Oggi stavo parlando con dei colleghi del traffico che si può trovare a Torino. Di tutte quelle persone che prendono la macchina e vanno al lavoro. Per qualche assurdo motivo ho pensato alla vita di Carlo Pinsoglio, terzo portiere della Juventus. E ho immaginato la sua vita, i suoi pensieri. Chissà se si trova d’accordo con ciò che ho scritto.
“Mi sveglio la mattina e devo andare al lavoro. Lavoro… mi sembra ancora strano chiamarlo così. Uno pensa al lavoro come ad un luogo in cui timbrare il biglietto, arrivare in orario in ufficio, trovare parcheggio, affrontare il traffico. A Torino poi, nelle ore di punta ci sono dei viali in cui sembra che i torinesi amino trovarsi tutti insieme, in fila, ognuno nelle proprie macchine, a comporre una lenta carovana, ognuno con la propria destinazione. Io non riesco a chiamarlo lavoro: se devo descrivere quello che faccio ogni giorno dovrei dire che vado ad allenarmi. A volte facciamo delle partite, giochiamo. Giochiamo. Lo scopo di tutto questo dovrebbe essere quello di scendere in campo quando poi ci sono le partite: novanta minuti (più recupero e pause Var) di ansie varie, sofferenza dentro e fuori dal terreno di gioco aspettando che quella palla entri dentro e che l’arbitro fischi la fine il prima possibile. Un’ansia che si vive sia dentro che in panca. Io, più che altro, la vivo in panchina, e le possibilità che le viva in campo sono ridotte al lumicino, per non dire nulle.
Una volta avevo più possibilità: era il 2010, ero il portiere della Primavera, con me giocavano ragazzi come Ciro Immobile, Iago Falque, Fausto Rossi, gente che comunque una certa esperienza se l’è fatta ai massimi livelli. Loro hanno avuto chances di scendere in campo con quella Juventus sfortunata di Ferrara prima e Zaccheroni poi. Io però potevo essere titolare, quando sia Buffon che Manninger si erano infortunati e la porta era sguarnita. Sembrava che le porte per la porta (licenza poetica, concedetemela) sembrassero spalancate, che il tappeto rosso fosse srotolato davanti a me nel corridoio che mi portava a giocare tra i grandi: i telegiornali cominciavano a parlare di me, sentivo i tifosi e gli amici sperare in un mio esordio. Sentivo la mia carriera al decollo. Contro la Sampdoria invece giocò Chimenti, si perse 1-0 con un gol da centrocampo. Il giovedì dopo si era riproposto il problema in Europa League, dovevamo difendere al Craven Cottage il 3-1 con il Fulham.

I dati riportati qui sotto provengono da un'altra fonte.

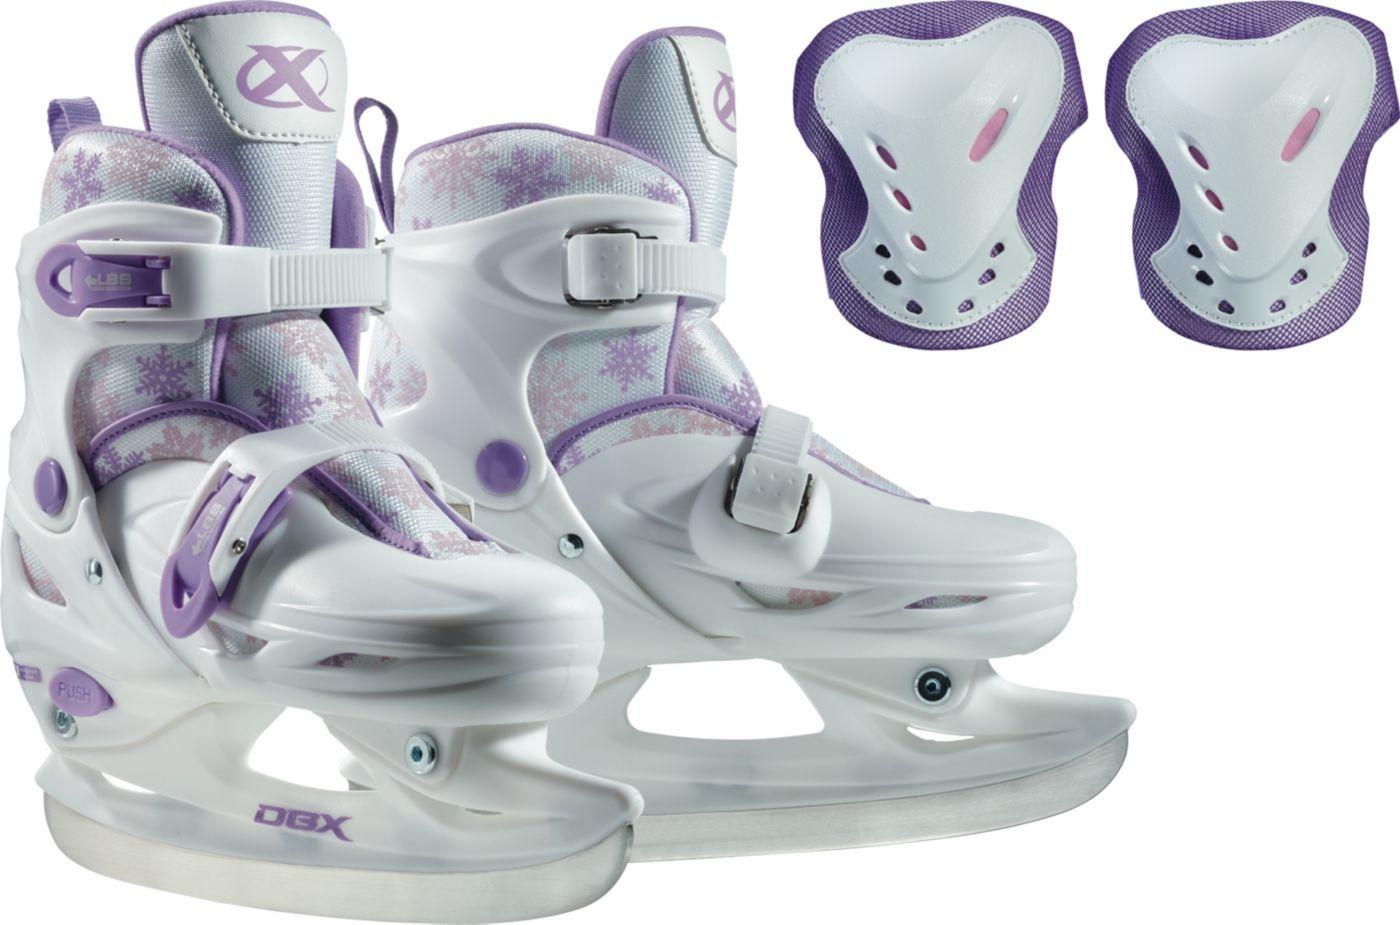 DBX Girls' Adjustable Skates Package

Anche lì mi accontentai della panchina, il risultato finale però… lasciamolo perdere che è meglio.
Dopo quella parentesi la mia vita si è snodata nei campi minori. Tanta serie B, tanta gavetta. Pure un’esperienza a Viareggio, dove tutti i calciatori sognano di essere notati, ma non certo di finirci a giocarci. Non per sputare nel piatto dove ho mangiato, ma certo non è Viareggio la squadra in cui tutti sognano di giocare (viareggini a parte probabilmente). Sono stato sempre con la valigia in mano, sempre con l’incognita di non sapere cosa mi poteva riservare il futuro: “oggi sono qui, domani?”. E poi il colpo di Livorno: quella papera all’ultima giornata non me la scorderò mai, maledizione. Anche il fallimento del Latina mi rimarrà impresso sulla pelle. Ora che sono di nuovo a casa, mi sembra strano. Sento di nuovo il freddo dell’inverno torinese, la nebbia che scende giù, la neve che rimane ghiacciata per settimane dove nessuno passa mai. Non sento più l’ansia di scendere in campo: quando ti ritrovi davanti Buffon e Szczesny, è davvero difficile sperare di essere negli undici titolari.
Ho 27 anni, non sono vecchio. Non so ancora dove mi troverò la prossima stagione, non so se dovrò rifare le valige ancora una volta. Non so ancora cosa mi riserva il futuro. Non so neppure se sono così felice a stare sempre da parte. So solo che devo andare avanti e non fermarmi mai. Altrimenti sarà come trovarsi nella radiale di Moncalieri nelle ore di punta”.